Howl
August 18, 2020, 1:09pm
12
Here’s a little more details about that FFT Size parameter: I usually explain it as the equivalent of focus in photography.
Imagine a lens with a wide aperture, you can’t get every depth in focus at once, you have to choose your subject.
The same goes for the FFT Size, it’s a focus control which instead of choosing a certain depth, choose a certain time/frequency balance.
The smaller the FFT Size, the more details you’ll get with time-centric events (such as transient sounds) but the blurrier the tones.
The larger the FFT Size, the more details you’ll get with frequency-centric events (such as static tones) but the blurrier the transients.
However spectrograms are not just transients and static tones, there’s a wide variety of frequency shapes in a recording.

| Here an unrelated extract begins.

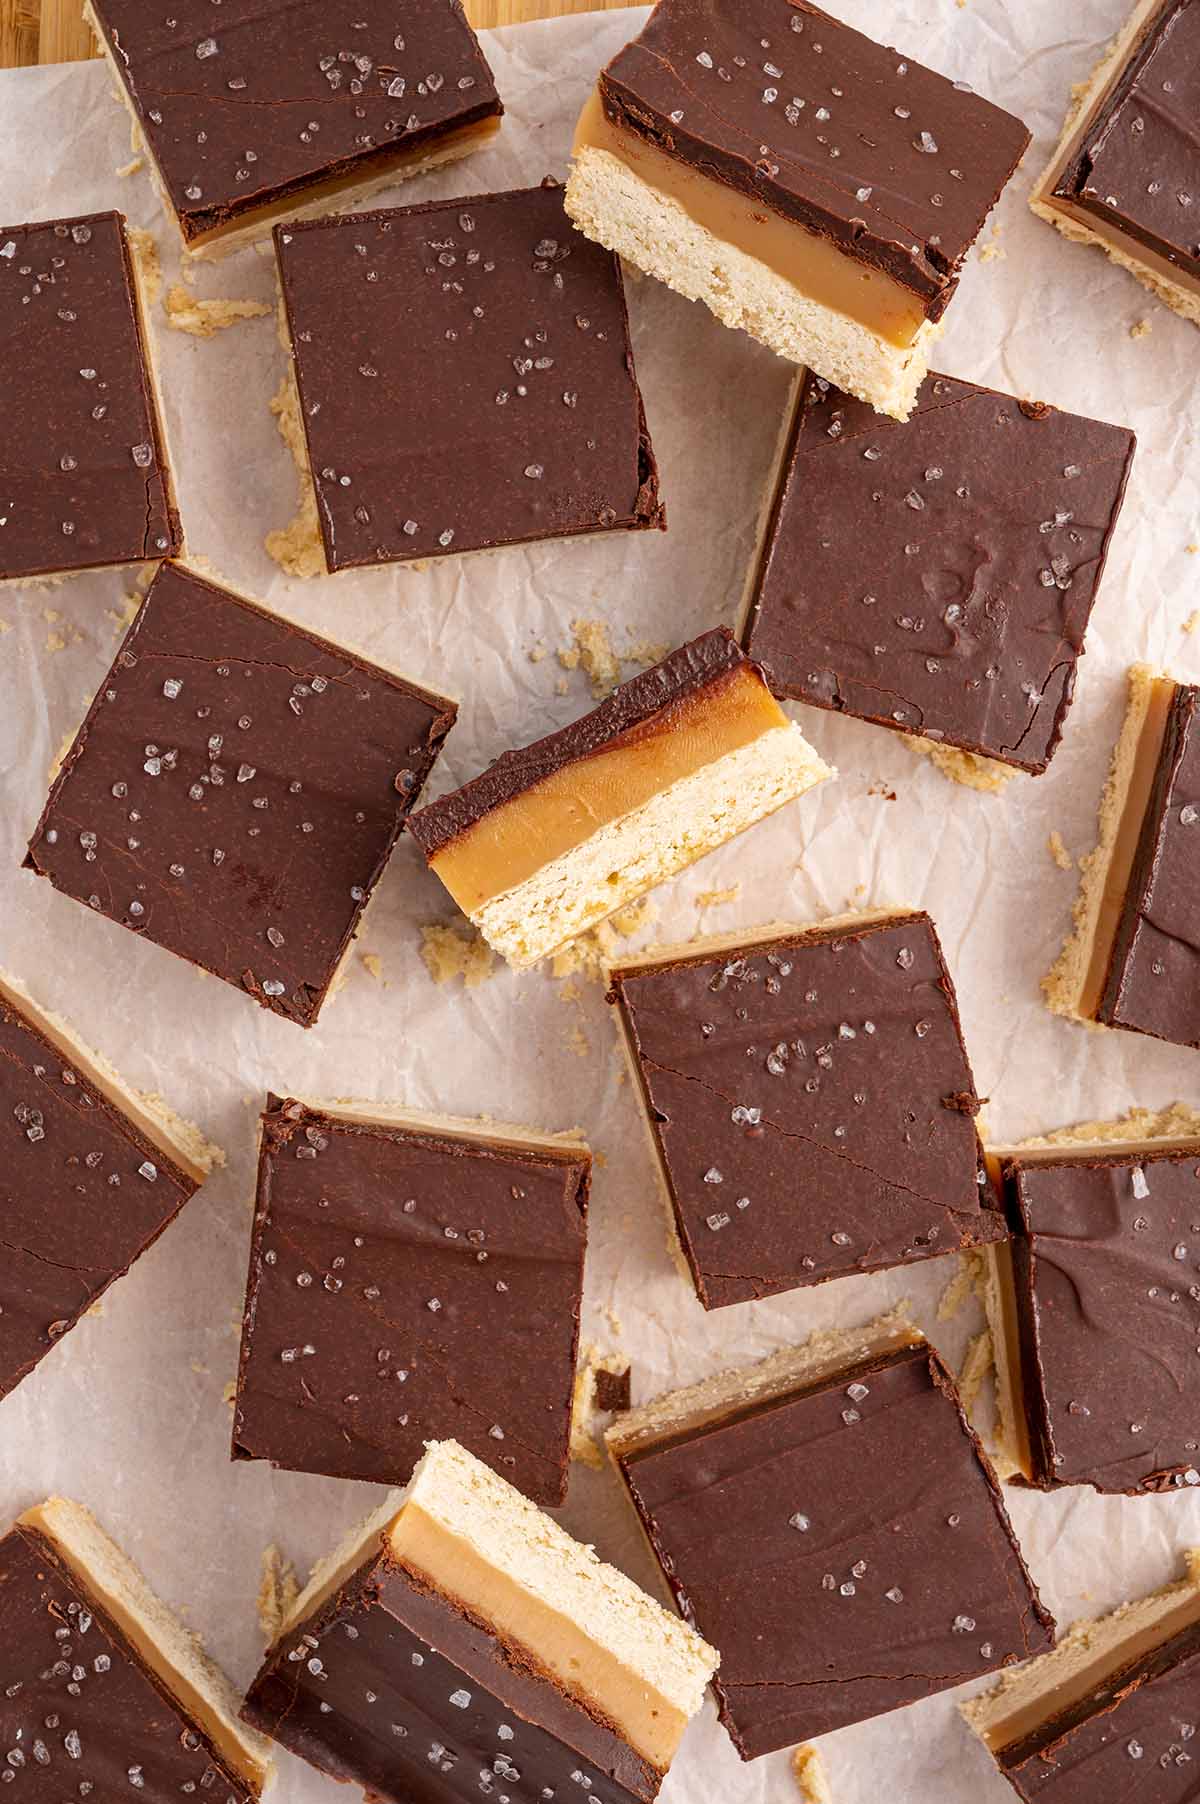 Millionaire Shortbread cut into squares and scattered around on top of parchment paper.
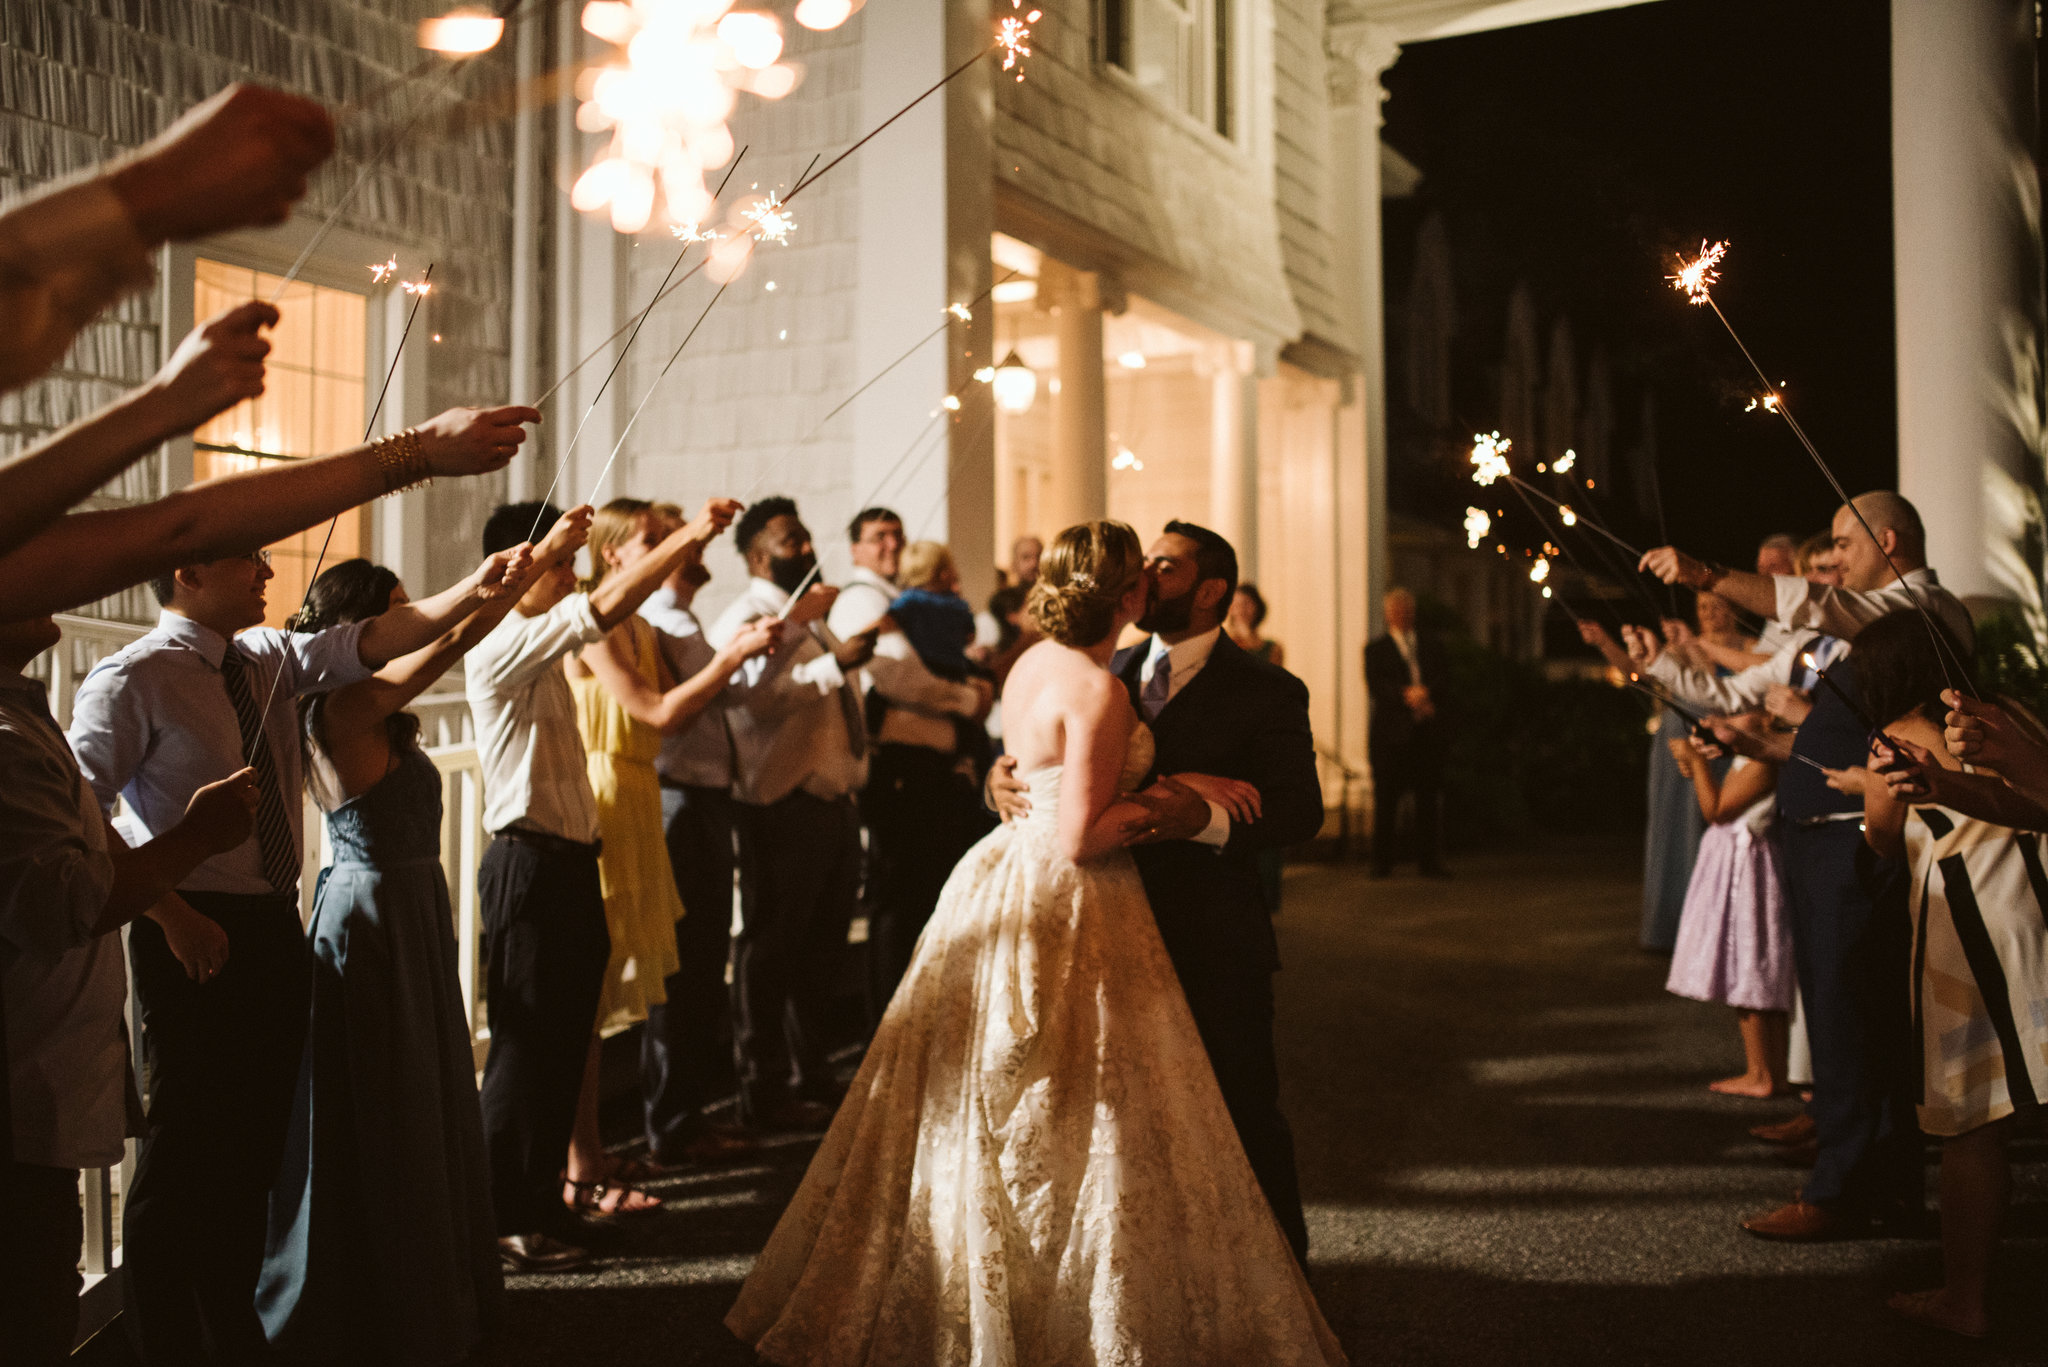  Ellicott City, Baltimore Wedding Photographer, Wayside Inn, Summer Wedding, Romantic, Traditional, Bride and groom Kissing Surrounded by Sparklers Outside Venue

See the spectrogram of a voice for instance : it’s a lot of frequencies stacked on top of each others, which are not just straight lines but wobbling lines. Which means they are not purely horizontal or purely verticals, but a mix of both, and they vary over time. So sometime you need to focus on the horizontal parts, sometime on angled parts, sometime verticals, sometime curves, etc.
A picture being worth a thousand words, here’s the same example under 3 different FFT Size (see the parameter at the top right of the screen):
https://i.imgur.com/y47vR5T.png
https://i.imgur.com/PEah3Pe.png
https://i.imgur.com/EjTkm5D.png
thanks! i thought while i was writing the other post, or thought, the word “transient” came up in my mind. but because i didn’t know it for sure… and the word “time”, and yes, there is more to it. you explain it well!
i will print this… perhaps worth a special paragraph (with the pictures) in the manual!
or print this, save this: i am dutch, i am cheap…
very worthfull information to work with spectralayers!